A code of conduct for supervisors of postgraduate students was released by the Ministry of Education on Wednesday after a few high-profile cases of misconduct that tarnished the reputation of postgraduate education in China.

Supervisors shoulder the primary responsibility in cultivating postgraduate students and the important task of nurturing high-end and innovative talent, the ministry said.

As the "bottom line" and "basic requirement" for supervisors' behavior, the code of conduct forbids them from having inappropriate relationships with students or verbally abusing them.

They should pay more attention to students' mental health, academic pressure and anxieties, and establish a good interaction mechanism with students, it said.

They should not purposely delay students' graduation or ask them to do things irrelevant to their academic study, it added.

The code of conduct also required supervisors to serve as role models for advanced degree candidates by upholding academic integrity, stressing the importance of academic standards and valuing others' academic work.

Supervisors should offer proper guidance during every step of graduate research and academic paper writing, from choosing a research topic to defending dissertations, it said.

Universities should hold violators accountable by limiting the number of students they can supervise or even disqualifying them from supervising any students, the ministry said, adding that those who seriously violate the code will be banned from teaching.

A postgraduate student at Dalian University of Technology in Liaoning province shared his frustrations in a posting on the Sina Weibo social media platform last month before committing suicide in a school laboratory.

The student said he had received little support and attention from his supervisor and was feeling "hopeless" about his research. He was also worried about graduating on time, which would break the "good tradition" of his group.

"In our online research group meeting, the supervisor looked at my research data and calmly said it was all meaningless," the post said.

In January 2018, Chen Xiaowu, a professor at Beijing's Beihang University, was fired after the school investigated a sexual harassment accusation made by a former female student on social media.

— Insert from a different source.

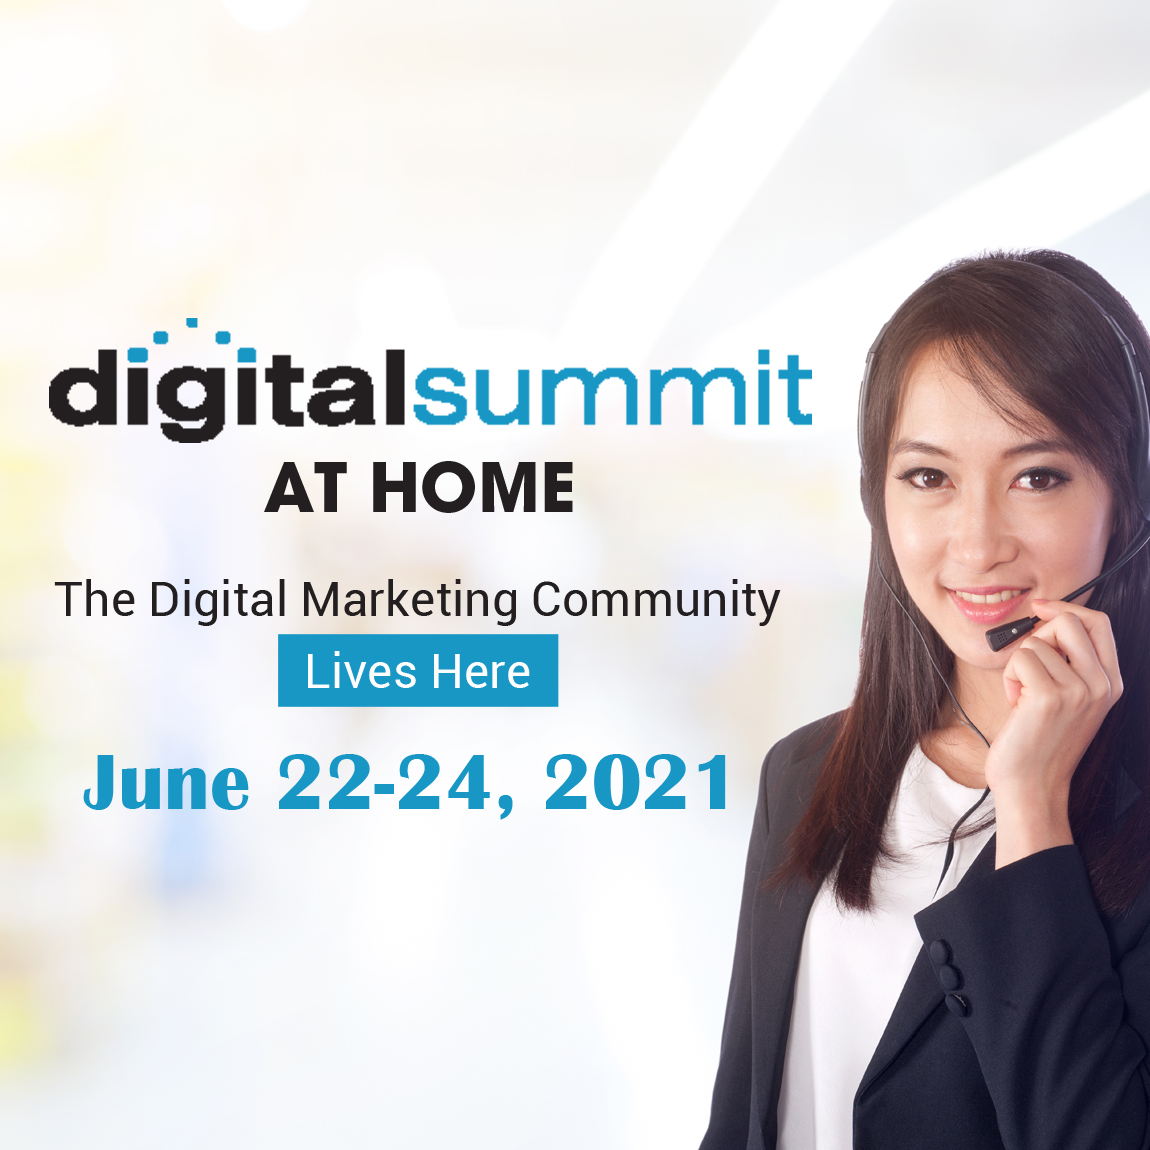 Digital Summit: At Home

Chen Zhiwen, editor-in-chief of online education portal EOL, said the newly released code of conduct was a reaction to an increase in unfortunate incidents and tragic events stemming from unhealthy relationships between supervisors and students.

Given the mismatch of power dynamics between students and teachers, students were often in a disadvantaged position, leaving room for unethical supervisors to behave inappropriately, he said.

"China has 460,000 supervisors for postgraduate students, and it is imperative to get rid of the rotten apples that spoil the whole bunch," he said.